Because they funking hurt!


----------



## paul xe (Sep 24, 2011)

Tinytom said:


> I spent £850 on a deluxe GHR.
> 
> Gets used mainly for sit ups
> 
> Oh well at least it gets used


I've used it for GHR's. It nearly killed me doing them mind!

I'm not 100% I was doing it right though, felt very unnatural.


----------



## Tinytom (Sep 16, 2005)

paul xe said:


> I've used it for GHR's. It nearly killed me doing them mind!
> 
> I'm not 100% I was doing it right though, felt very unnatural.


I'll show you correct form next time you're in mate.


----------



## badly_dubbed (Nov 21, 2011)

@Tinytom

did you get the watson DB's yet? any pictures?


----------



## Tinytom (Sep 16, 2005)

badly_dubbed said:


> @Tinytom
> 
> did you get the watson DB's yet? any pictures?


I was at the factory today. They are all in a box waiting to be put together. It was a beautiful sight.

This is the leg press before spraying. I tried it out and it was perfect for my little legs.
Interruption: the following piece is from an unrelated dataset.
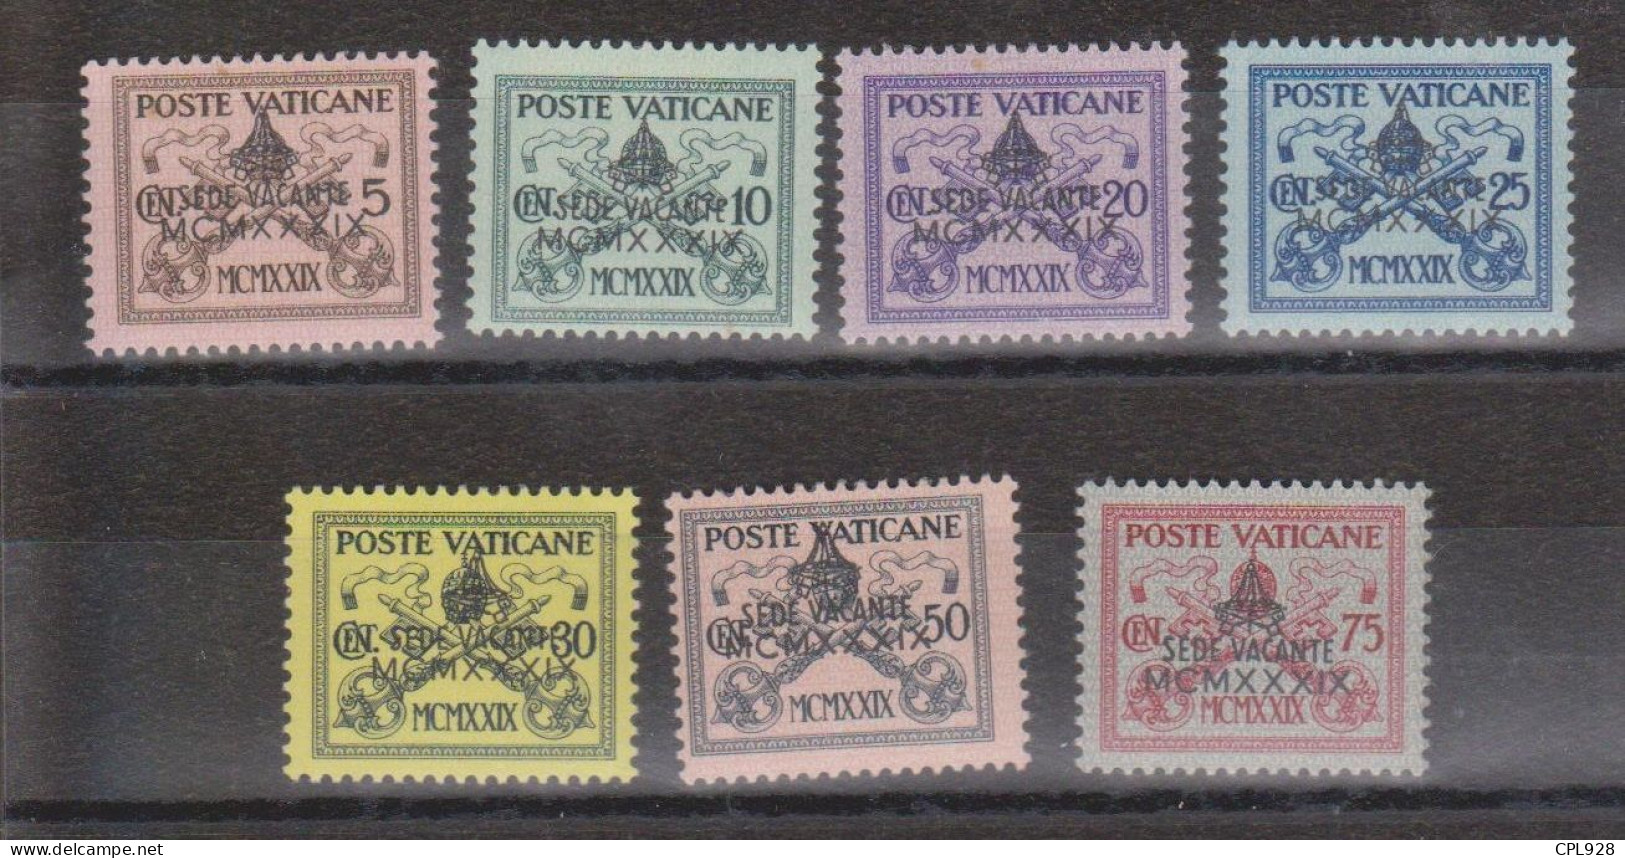 Vatican N° 85A à 85G Avec Charnières - Unused Stamps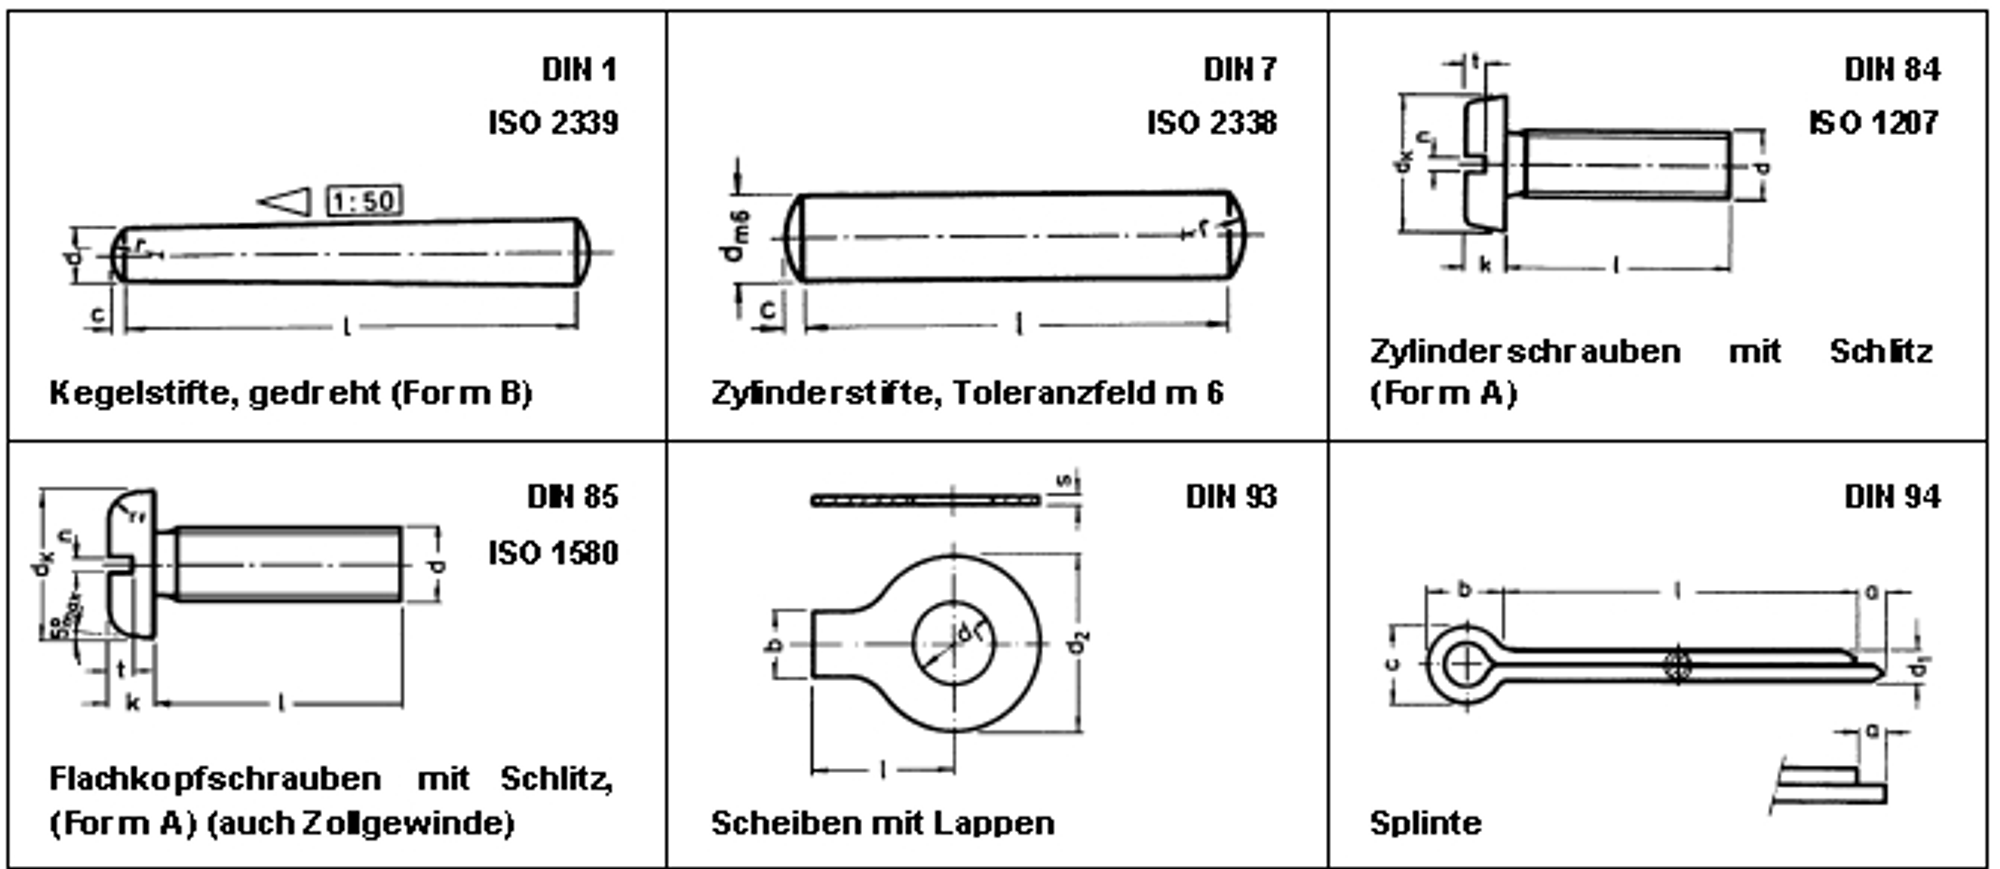 Разные стандарты металлических изделий по DIN и ISO

The higher racking pin was also a good way up so no interference if you use the lower pin.


----------



## badly_dubbed (Nov 21, 2011)

tremend.

if i had a commercial gym, it would be filled with Watson stuff.


----------



## Suprakill4 (Jul 11, 2008)

Looks an amazing bit of kit!!! Wish I loved closer so could train here, makes my gym look pathetic.


----------



## Tinytom (Sep 16, 2005)

badly_dubbed said:


> tremend.
> 
> if i had a commercial gym, it would be filled with Watson stuff.


I'm slowly getting there


----------



## paul xe (Sep 24, 2011)

Tinytom said:


> I'll show you correct form next time you're in mate.


Thanks Tom. I'll take you up on that offer your free next, would have tonight but you were busy with training session.......and I was pretty shattered after my session!


----------